- WHAT YOU HAVE TO DO
With the pictures excluded, reproduce all of the data exactly.

- INFORMATION PROVIDED
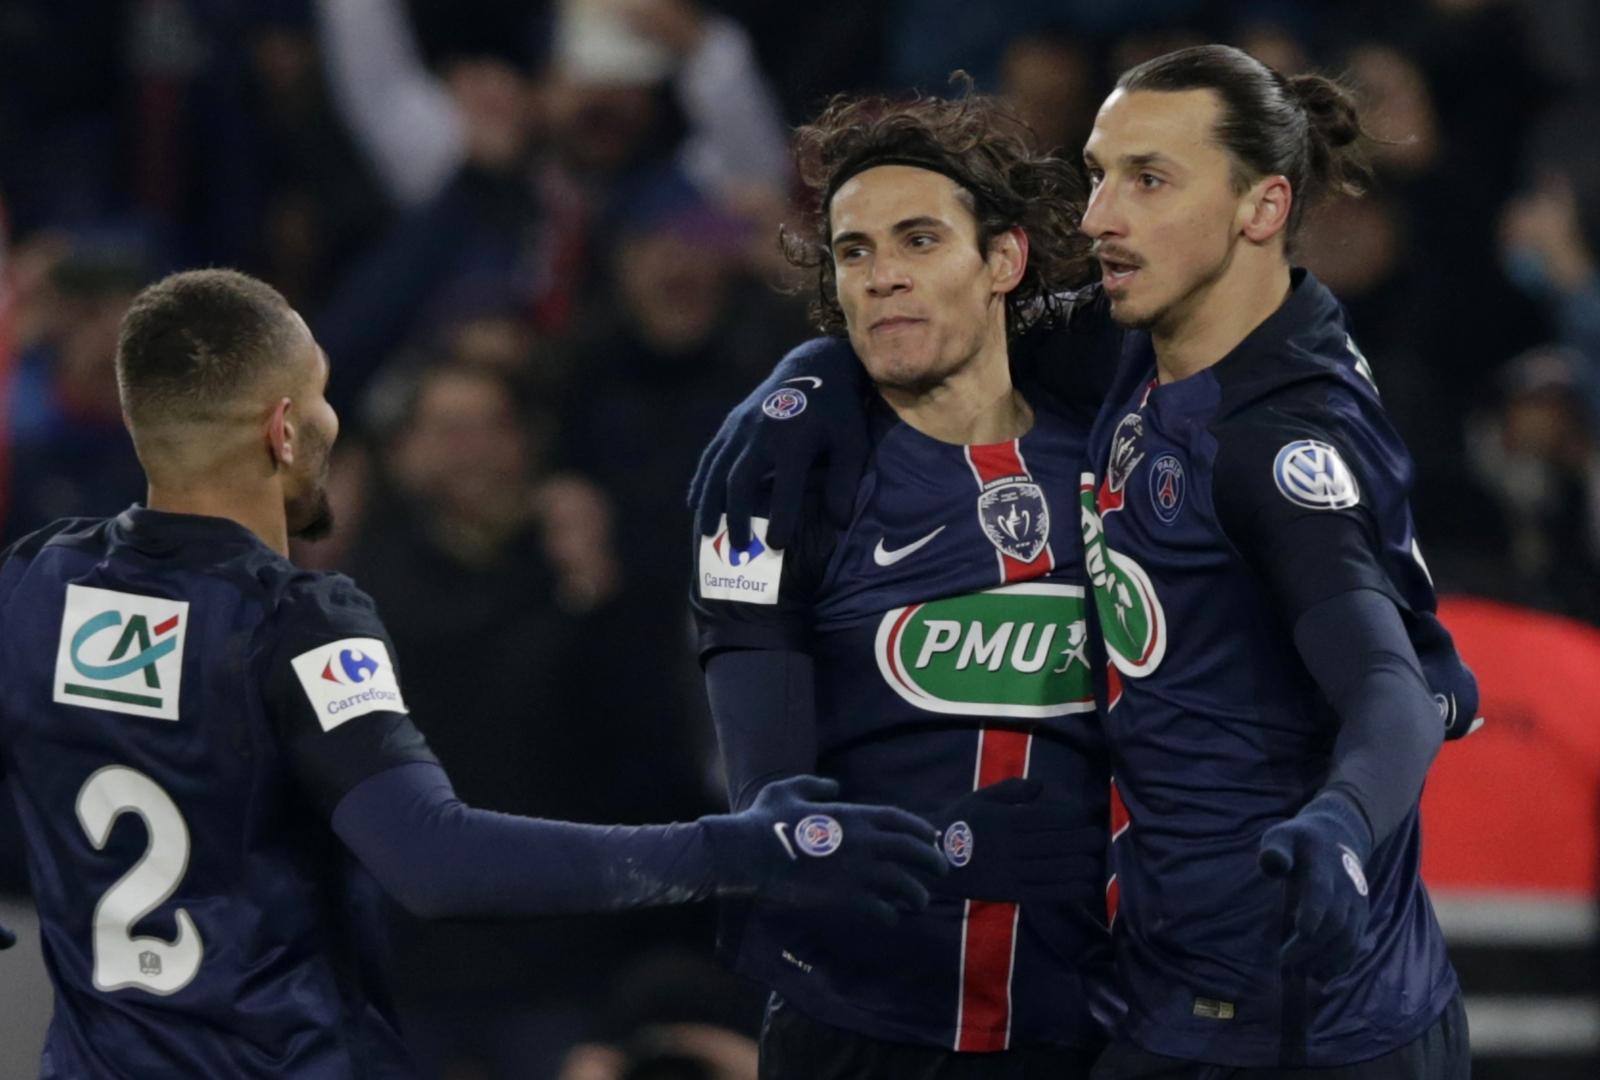 Edinson Cavani and Zlatan Ibrahimovic
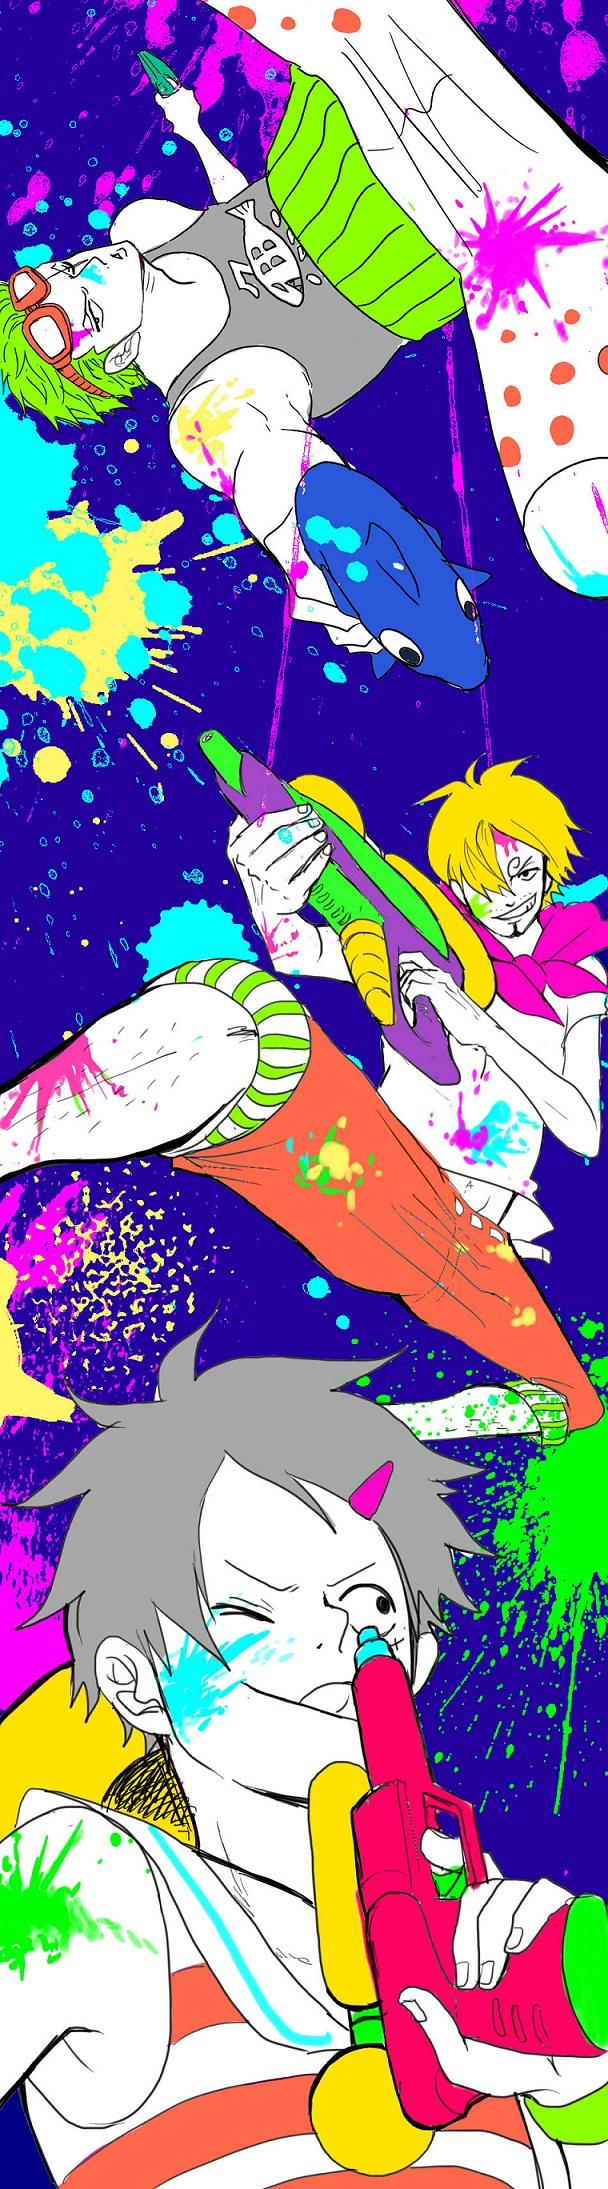 Tags: Anime, Daishou (Hiroto), ONE PIECE, Sanji, Monkey D. Luffy, Roronoa Zoro, Pixiv, One Piece: Two Years Later, Straw Hat Pirates, Monster Trio
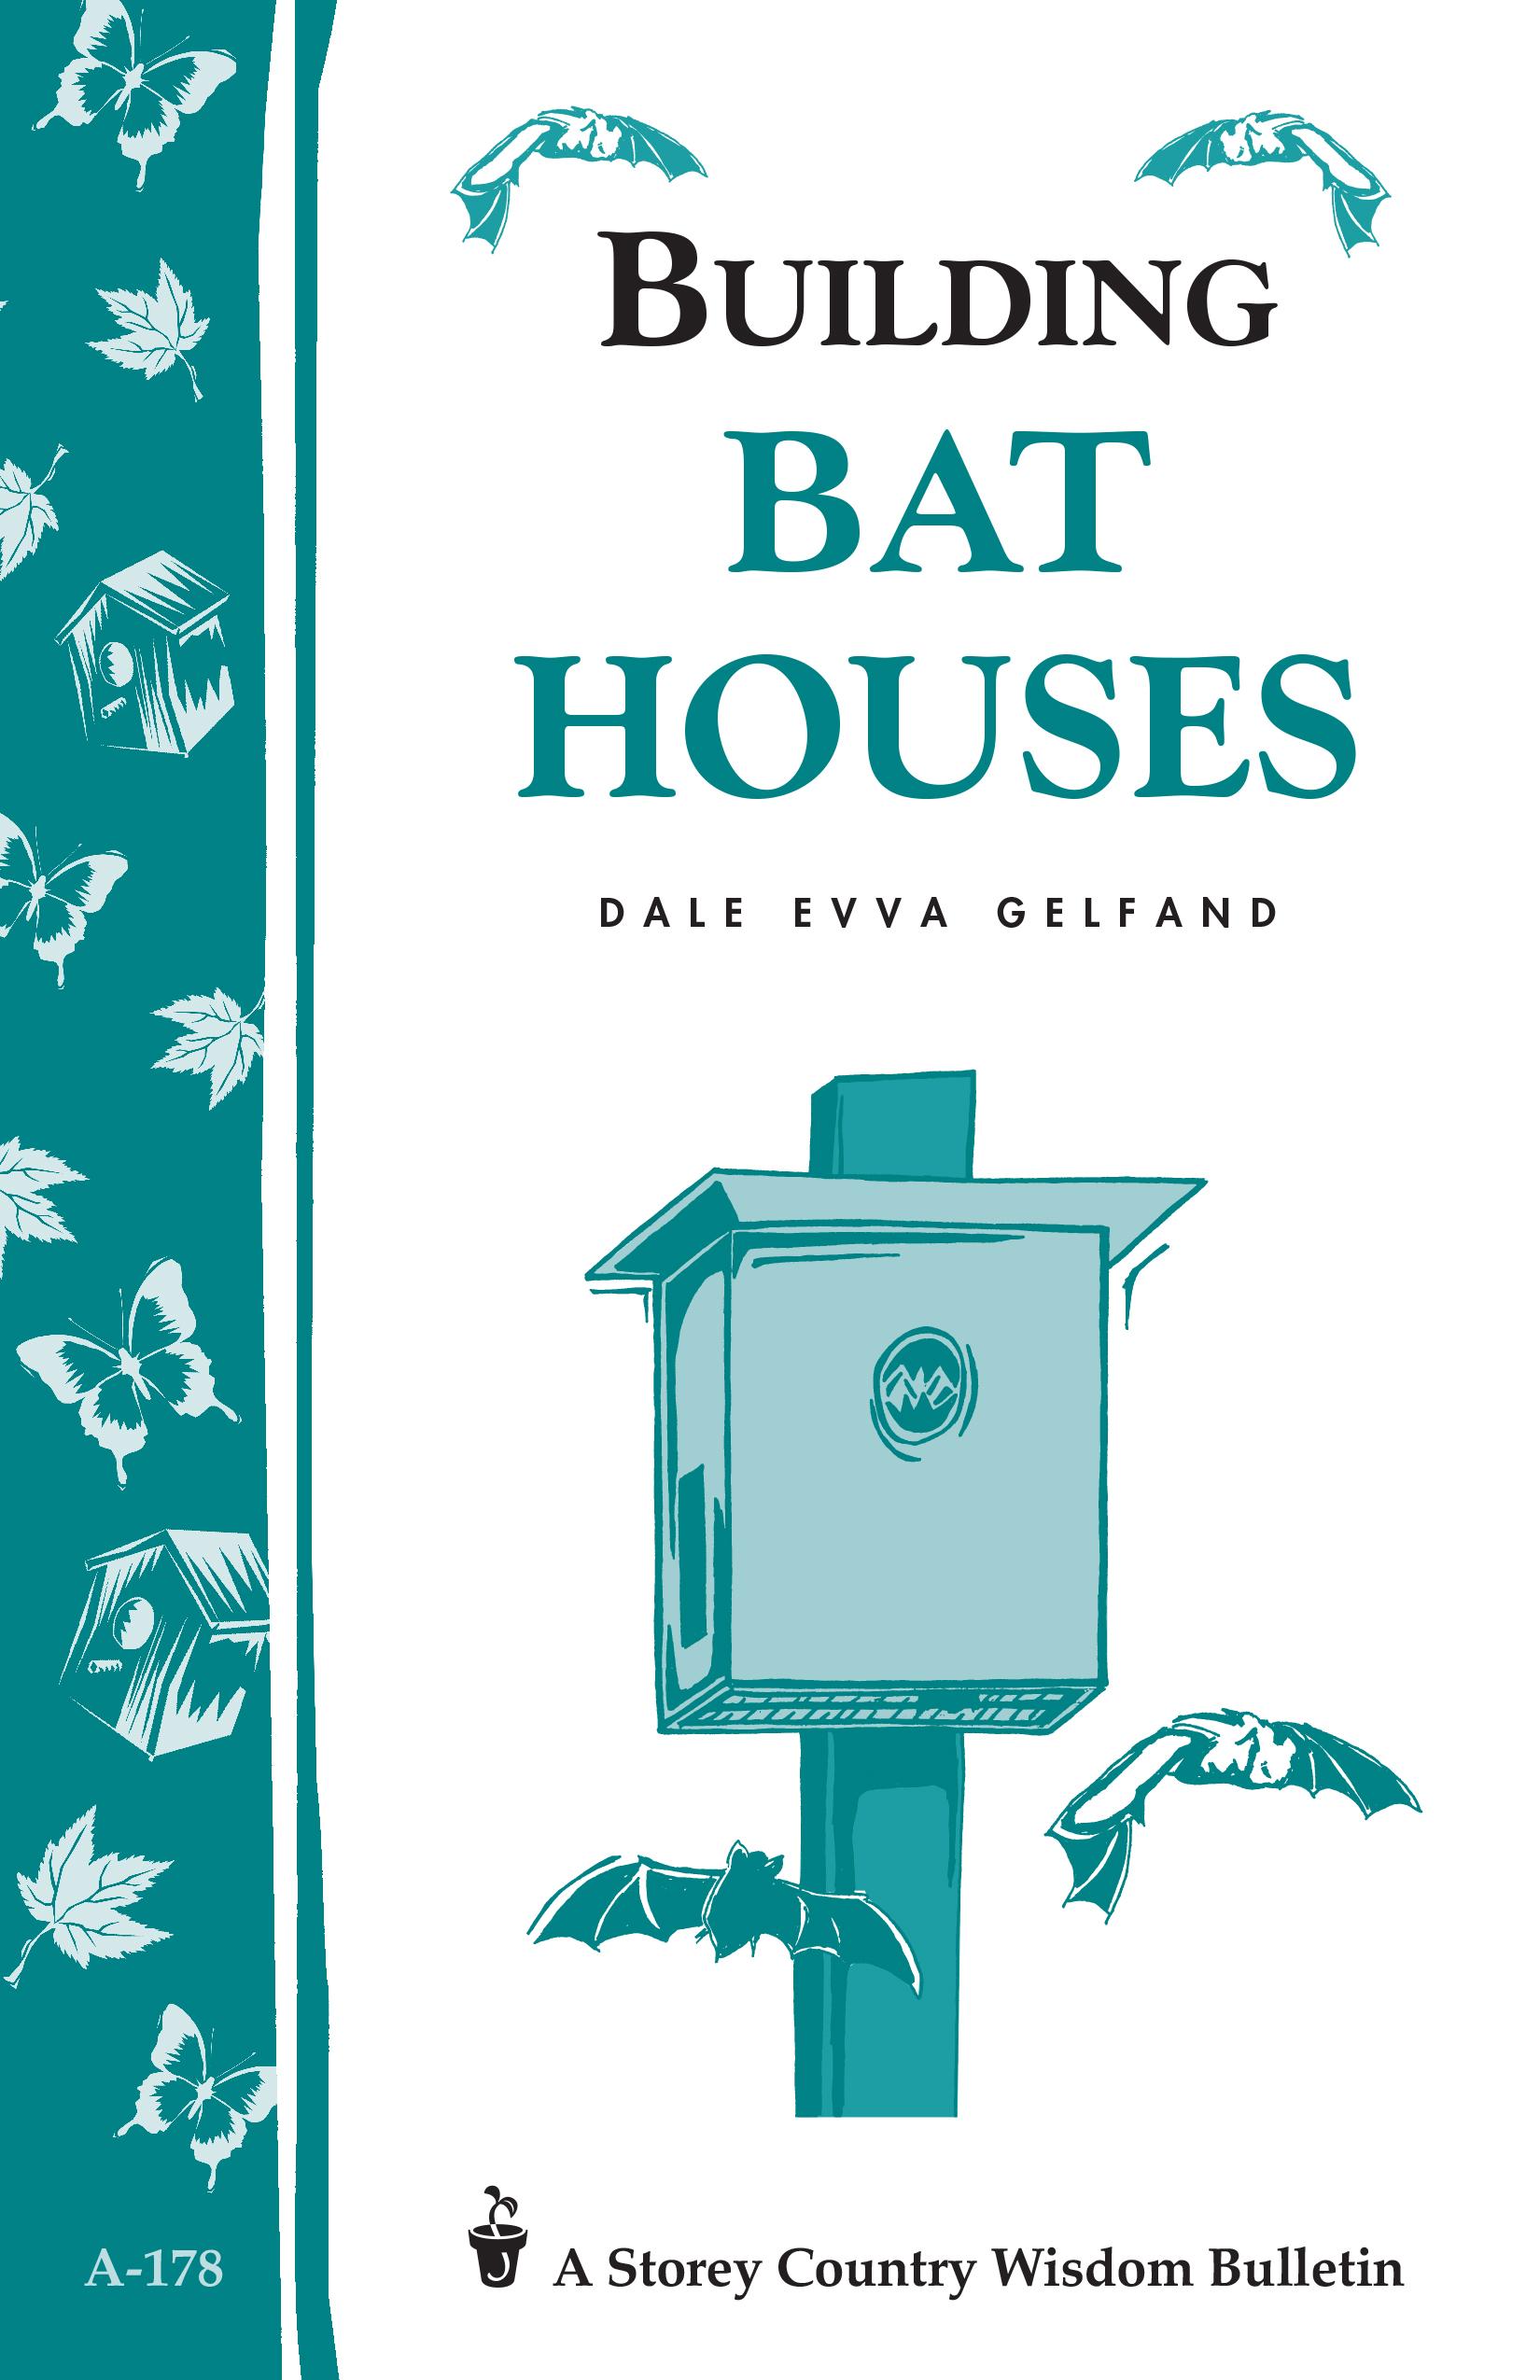 Building Bat Houses Storey's Country Wisdom Bulletin A-178 - Dale Evva Gelfand

- TASK SOLUTION
 Edinson Cavani and Zlatan Ibrahimovic
 Tags: Anime, Daishou (Hiroto), ONE PIECE, Sanji, Monkey D. Luffy, Roronoa Zoro, Pixiv, One Piece: Two Years Later, Straw Hat Pirates, Monster Trio
 Building Bat Houses Storey's Country Wisdom Bulletin A-178 - Dale Evva Gelfand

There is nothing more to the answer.